I guess I learned a lesson. I let my guard down because I know our horses. I didn't think of him acting out of character. At least not towards me. 

So anyone else have a story of getting kicked?
_Posted via Mobile Device_


----------



## Skyseternalangel (Jul 23, 2011)

One occasion.. had a foal kick me in the pelvis. Hurt like heck, couldn't sit or lay or anything for days without pain. 

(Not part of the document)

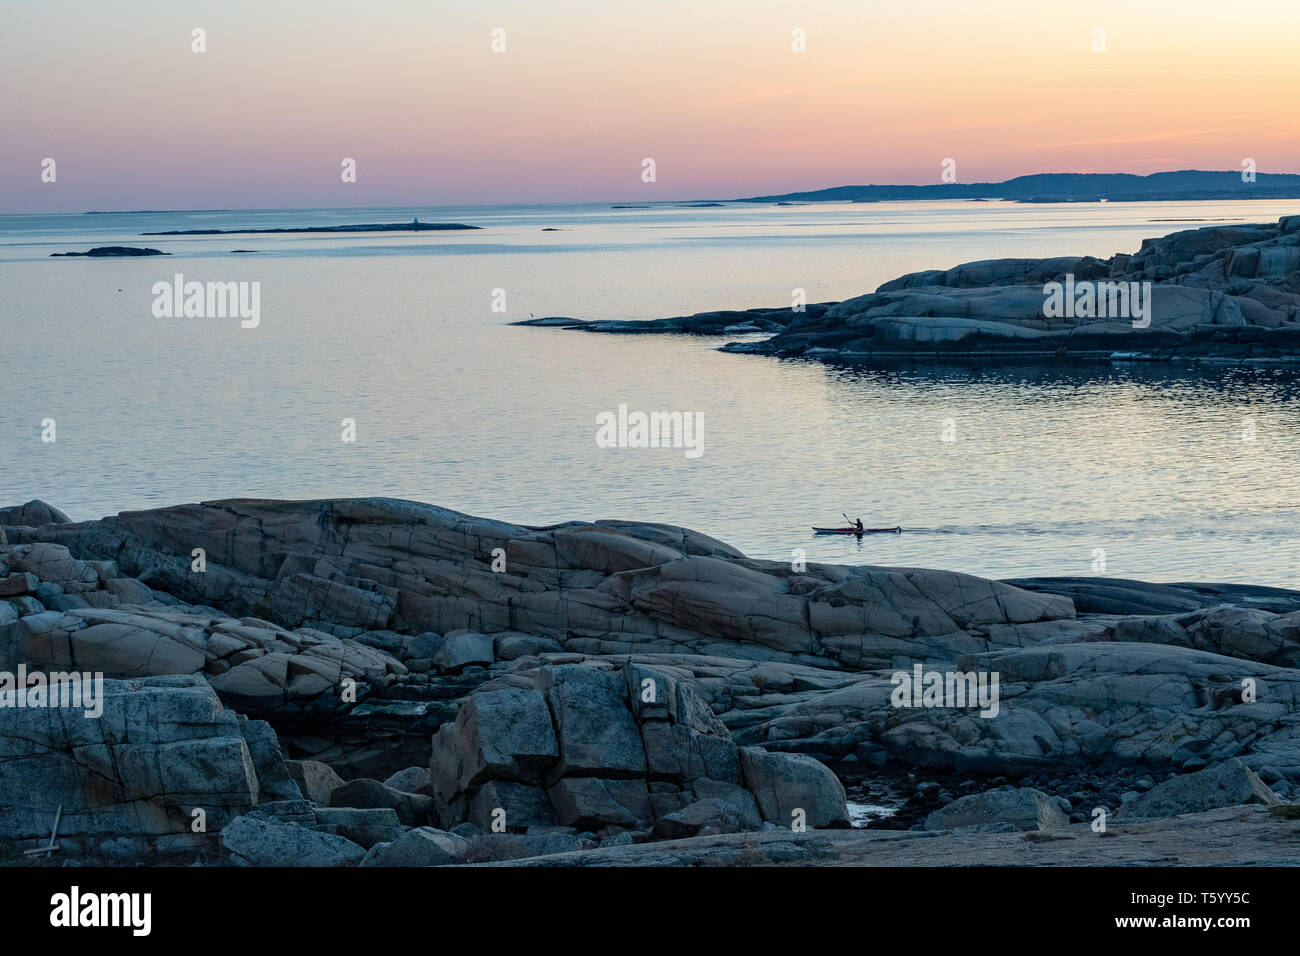 Kayaker on the calm water of 'the end of the world' rocks during sunset in Norway Stock Photo

She was fresh when I was leading her and whapped me a good one. I made sure she never thought about doing that again.. 

Hope you're okay!


----------



## waresbear (Jun 18, 2011)

Oh my!! Glad you are somewhat ok! I haven't ever been kicked hard enough to drop me (knock on wood) but I have been kicked before a few times, once on my thigh & it left a dent there for years, was teaching a young horse to pick up her feet, needless to say she never did it again. The funniest time, funny because it didn't hurt, was my daughter & I were admiring a day colt. I was petting him then all of a sudden he bared his gums at me & twirled around & kicked me in the ribs, I jumped back so he barely grazed me. I booted him right back but my kick was harder than his because he ran to mom & started frantically sucking her teats. I am surprised he felt my kick as me & my daughter had tears in our eyes from laughing so hard after seeing
his bared gums! And no, for the 4 years I owned him, he never offered to kick or bit again.
_Posted via Mobile Device_


----------



## Susan Crumrine (Oct 5, 2009)

Yes! I had a BLM mustang mare, a big, draft cross looking palomino, and she foaled in the early spring, it was cold and a little rainy so the vet said to put them in the barn. When we got to the gate, the little foal was first, summer and I behind him.
I just thought "I will push him in there and she will follow.." started to push/herd him in and heard hoofbeats...
next thing I know I am flying backwards about 10 feet...LOL
My husband saw me go flying from across the field and came flying in the tractor.
We laugh about it now but it could have been serious.


----------



## Chiilaa (Aug 12, 2010)

Yup. Copped a double barrel to the face. I wish I was joking.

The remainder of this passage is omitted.